Небожительница

Черт меня дернул сидеть в ресторане «Ассоль» не в той куртке, где кошелек! Зачем я вообще оказался в Аркадии? Много раз говорил себе — дальше университета ни шагу! Но она, длинноногая небожительница в розовой маечке и белых, кардинально обтягивающих джинсах, которая сидит сейчас два столика налево в непонятной компании и еще ни разу не посмотрела в мою сторону, — она важнее всего. Я шел за ней от Дюка, ища повода. Потом я искал повод в трамвае. Я думал, она сойдет возле университета, и там уж я не ударю в грязь забралом, такие, как она, должны сходить к университету, — нет, только не в Аркадию! — вы помните, пару лет назад: Аркадия, текила, драки, пьянки, так вот, это всё был я, здравствуйте, — она доехала до Аркадии и вошла в ресторан «Ассоль», а повода я так и не нашел. Возможно, его просто не было. Я не стал мять ногами ракушечник, тоже вошел и сел. С размаху заказав (в этом месте не смеяться!) фаршированную рыбу и пятьдесят коньяка, принялся конспиративно смотреть. Всего пара шагов, я хорошо ее вижу, слышу, как она смеется, и готов выучить язык, на котором она говорит. Ее окружили и смешат, им там чертовски весело. Она невероятно, она окончательно красива. Как же мне быть без денег? Интересно, поверят ли мне здесь на слово? Зачем я заказал рыбу? Кто сегодня у нас вышибала?

Вышибала сегодня — крепкий парень; небольшого роста, жилистый, неулыбчивый. Жаль, такой и бьет хлестко, и бегает бодро. Раньше я предпочитал толстого, амбалистого вышибалу. Потом я перестал гулять в Аркадию. Итак, плохой стороной вышибалы была его профпригодность. Хорошей стороной было, что звали его Сёма. Тетя Римма всегда гордилась своим младшеньким, вырос лысым и серьезным, сразу и не узнать.

— Сёма, скажи своим, что бабки потом занесу, забыл дома дипломат с пиастрами.

Семен поморщился.

—Ти що, знову за старе? Опять в Аркадии?

— Сёма, не, вот видишь ту в розовом, я без нее жить не могу уже почти час. Ты раньше ее видел тут?

— Нэ було. — Сёма исказил себя гримасой, достал из кармана сотню и протянул мне. — Краще так, а то не оценят. Я тут недавно.

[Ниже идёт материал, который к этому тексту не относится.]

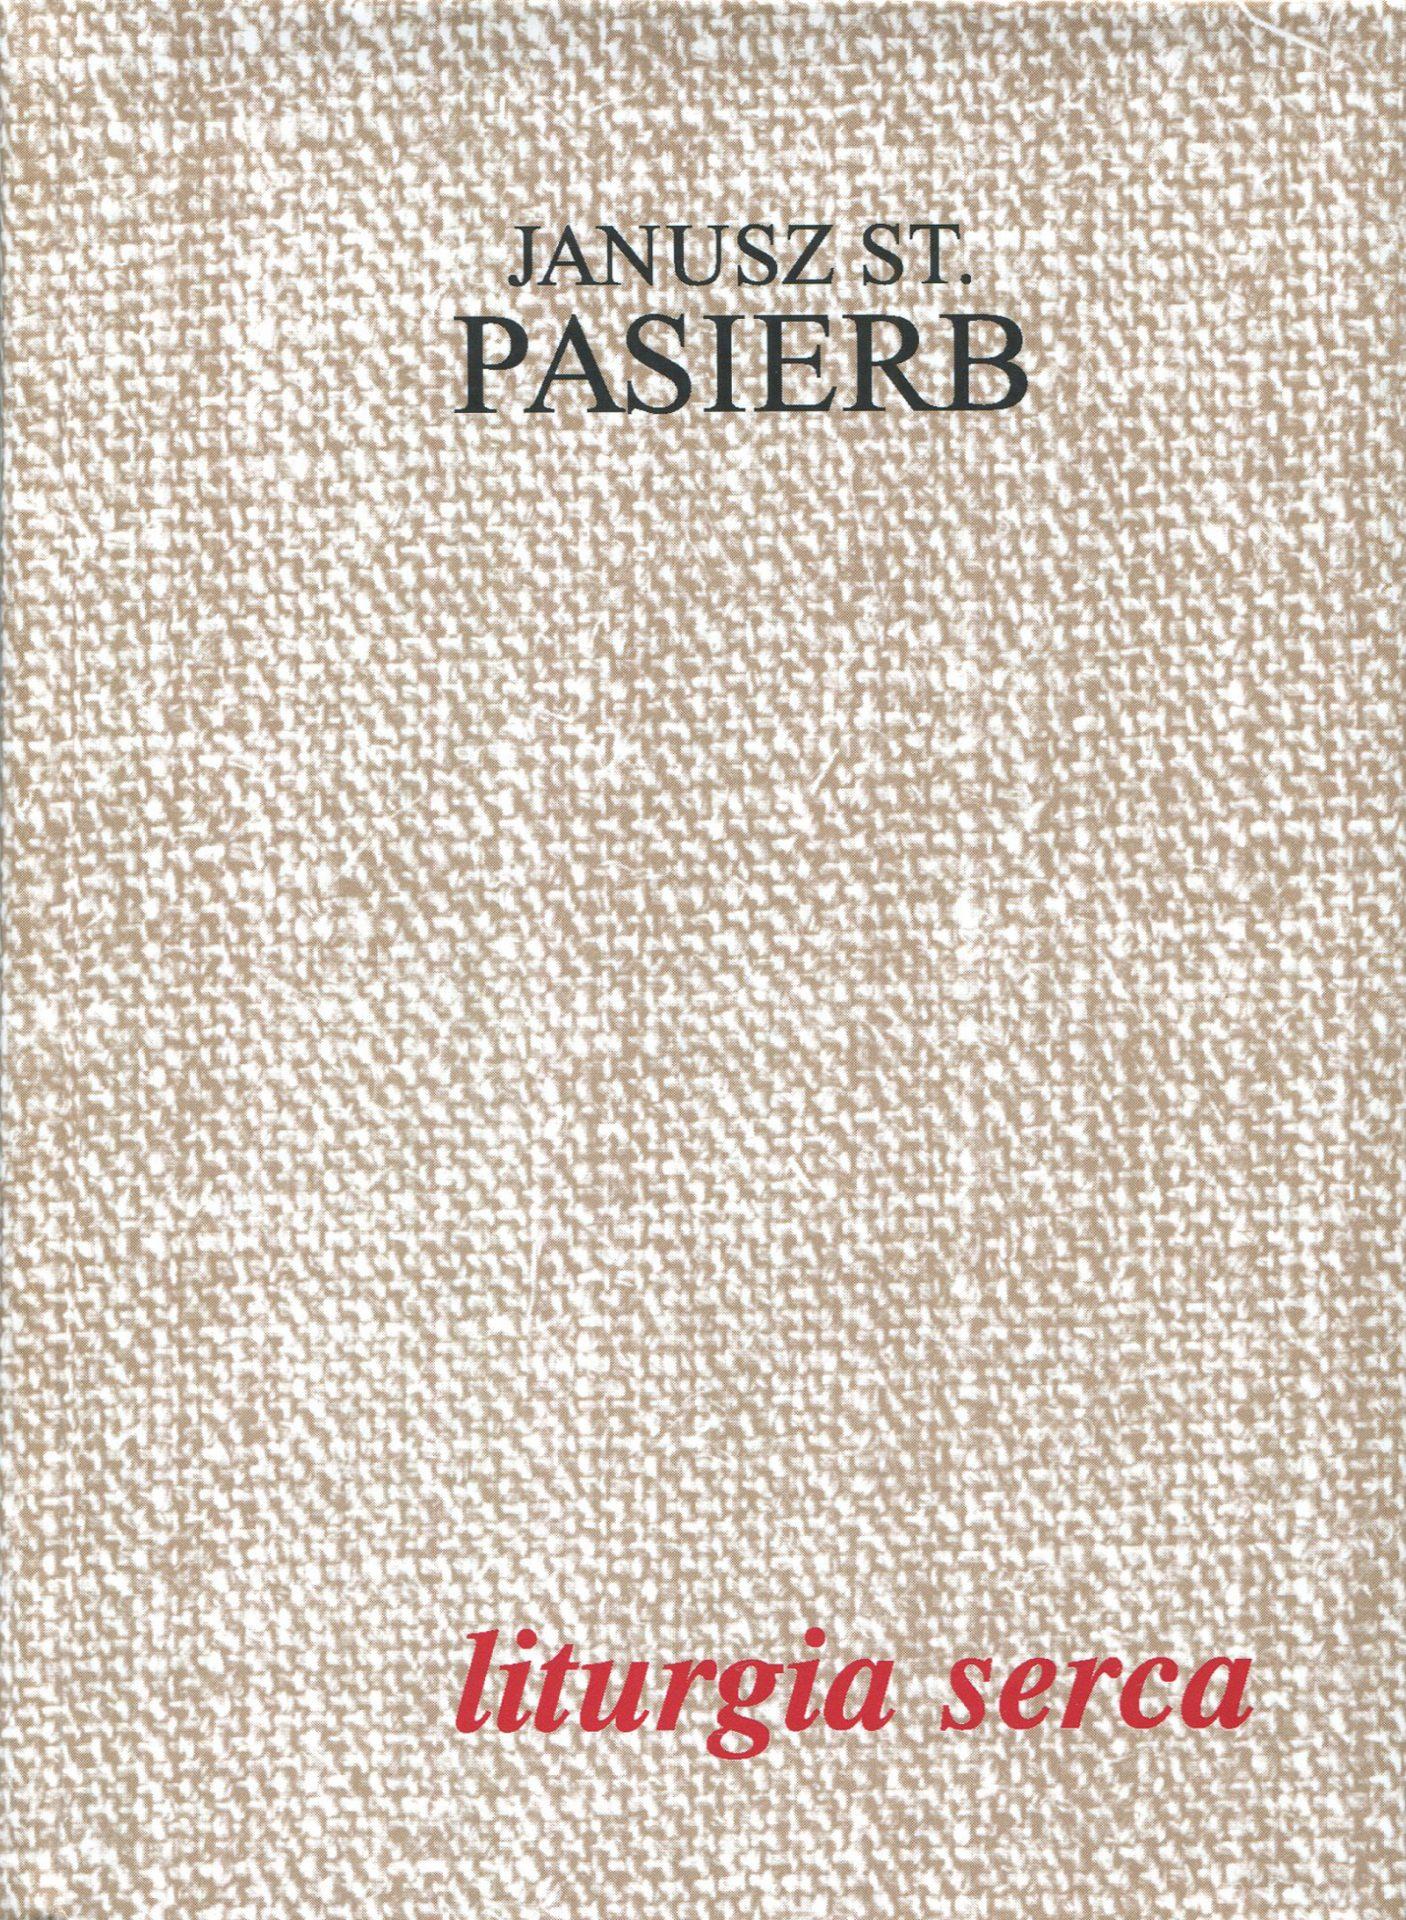 Liturgia serca - Janusz St. Pasierb
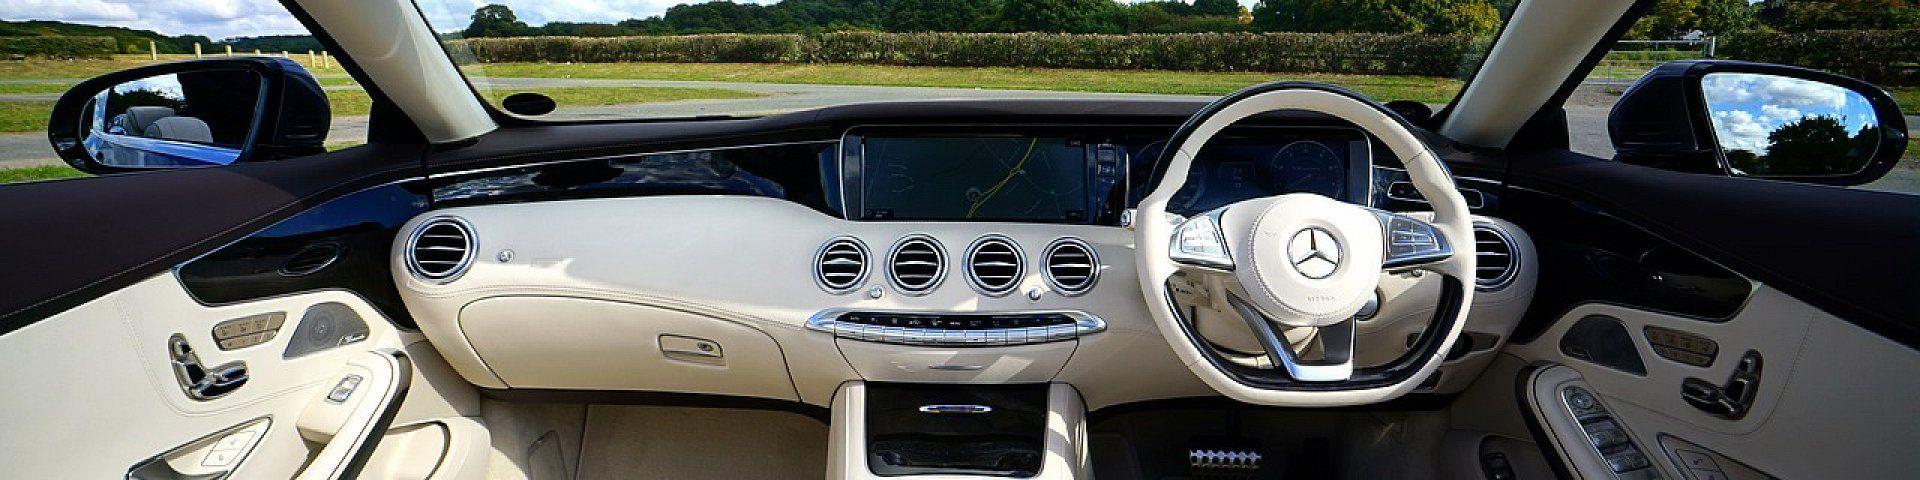 Luxury Car Rental Or Leasing In Bangkok Thailand At Best Price Luxury Car Rental Car Rental Luxury Cars

К своей, теперь законной, рыбе я вернулся, чувствуя себя великим комбинатором. Мое счастье в розовой маечке все так же было близким и недоступным. Я допил коньяк, оптимистично оценил свои возможности как беспредельные и стал замышлять план действий.

Ее компания состояла из двух парней ботанического вида и трех девиц, возможно симпатичных, если бы опять-таки не она, — рядом с ней меркло всё. Разливали одесское шампанское (а я бы и французского не пожалел). Она явно не выделяла никого из собутыльников, что меня ободряло. Так, а что же делать? Подойти и дать одному из ботаников в морду? Мысль глупейшая, но почему-то каждый раз приходит в голову. Пригласить медленно танцевать? Музыка, как на грех, взяла перерыв и курила возле Сёмы. Но даже если и пойти приглашать, как-то уж слишком коряво: «Разрешите, уважаемые ботаники, вашу девушку пригласить, нет, не эту, а вот эту» — и пальцем в ее сторону — тык! Или подбородок тянуть? Хорош я буду в ее глазах с таким планом действий. А вот пойдет она, к примеру, в туалет (они тоже туда ходят!). Подкараулить невзначай, завести степенный разговор. По дороге туда нельзя, она будет спешить. Значит, по дороге оттуда.

И об чем тут начать?

— А вы, девушка, извините, откуда?

— Из сортиру, а шо?

Что-то опять не клеится. Только ласты клеятся сами по себе.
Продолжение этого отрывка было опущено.